Facebook CEO Mark Zuckerberg is testifying before a joint hearing of the Senate Judiciary Committee and Senate Commerce Committee today trying to explain what happened in a massive data breach impacting 87 million users, and assure congress that the largest social media site is protecting your data.
This all stems from the massive data breach connected to Cambridge Analytica (CA), a UK company that has come clean and apologized about collecting data from Facebook users without permission.
"I am sorry that in 2014 SCL Elections (an affiliate of Cambridge Analytica) licensed Facebook data and derivatives from a research company (GSR) that had not received consent from most respondents. The company believed that the data had been obtained in line with Facebook’s terms of service and data protection laws," a letter from CA CEO Dr. Alexander Tayler said.
When you opened Facebook today, either on your phone or computer, you may have seen one of two messages.
The first is pretty benign saying that Facebook cares about your data.
The second is a bit more worrisome, and means your data was hacked.
It starts by saying that Facebook has banned the app called "This is Your Digital Life" and says one of your friends may have used it.
The app was a fake personality quiz from CA.
By trying to take the quiz the user had to give the company permission to track all of their Facebook data and that of their friends.

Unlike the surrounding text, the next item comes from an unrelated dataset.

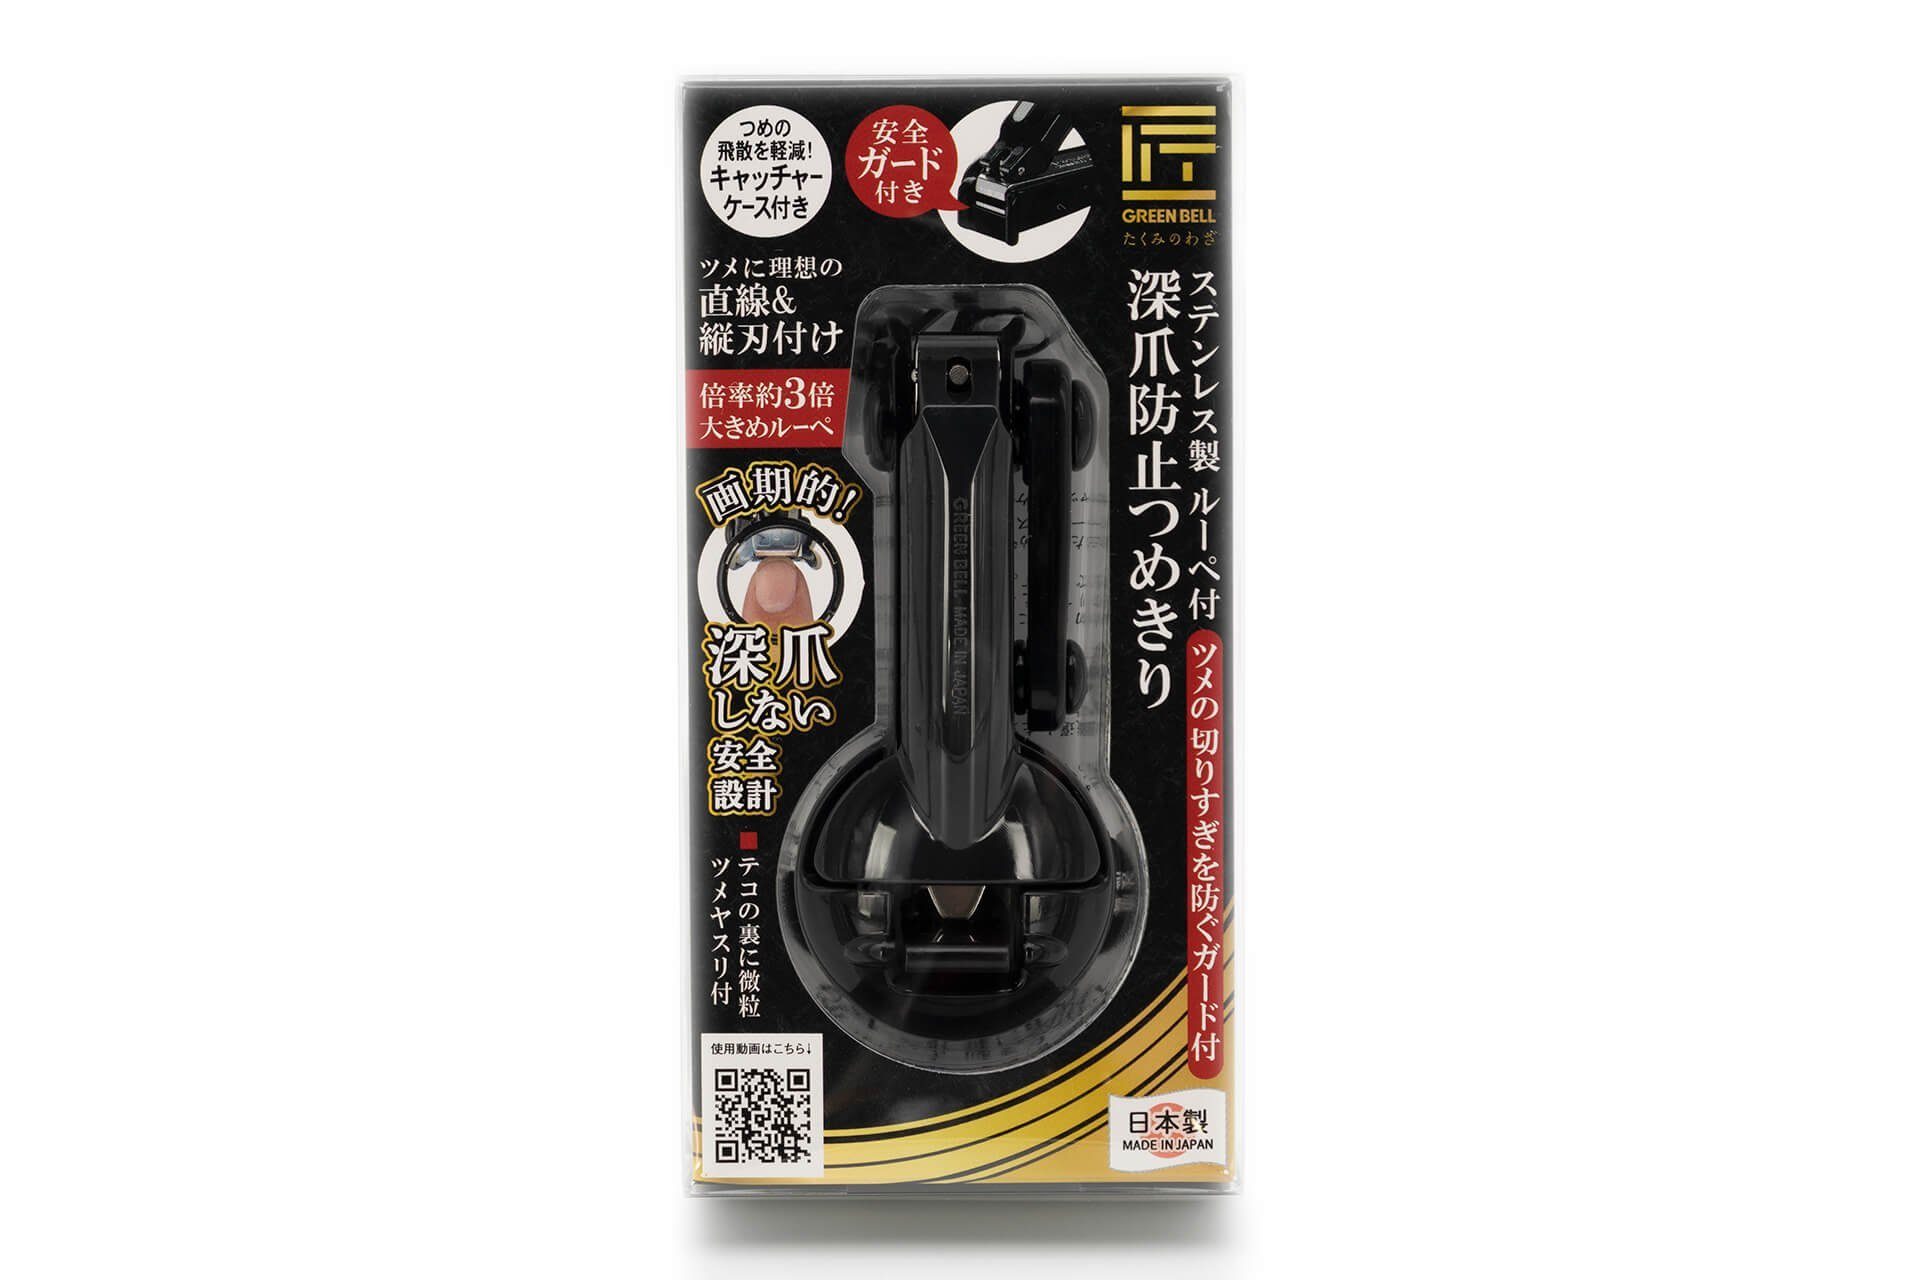 Seki Nagelknipser Qualitätsprodukt Sicherheits Lupe Nagelknipser cm, 9.3x2.4x1.5 G-1309 aus Japan mit handgeschärftes EDGE

Cambridge Analytica then used that data to create personal profiles and determine how people leaned politically.
CA then sold that information to campaigns to target them with political ads.
In this news release CA claims they did not use any of the data in the 2016 election.
Zuckerberg is going to have to explain how this was allowed to happen, and how it can be stopped in the future on Capital Hill Tuesday and Wednesday.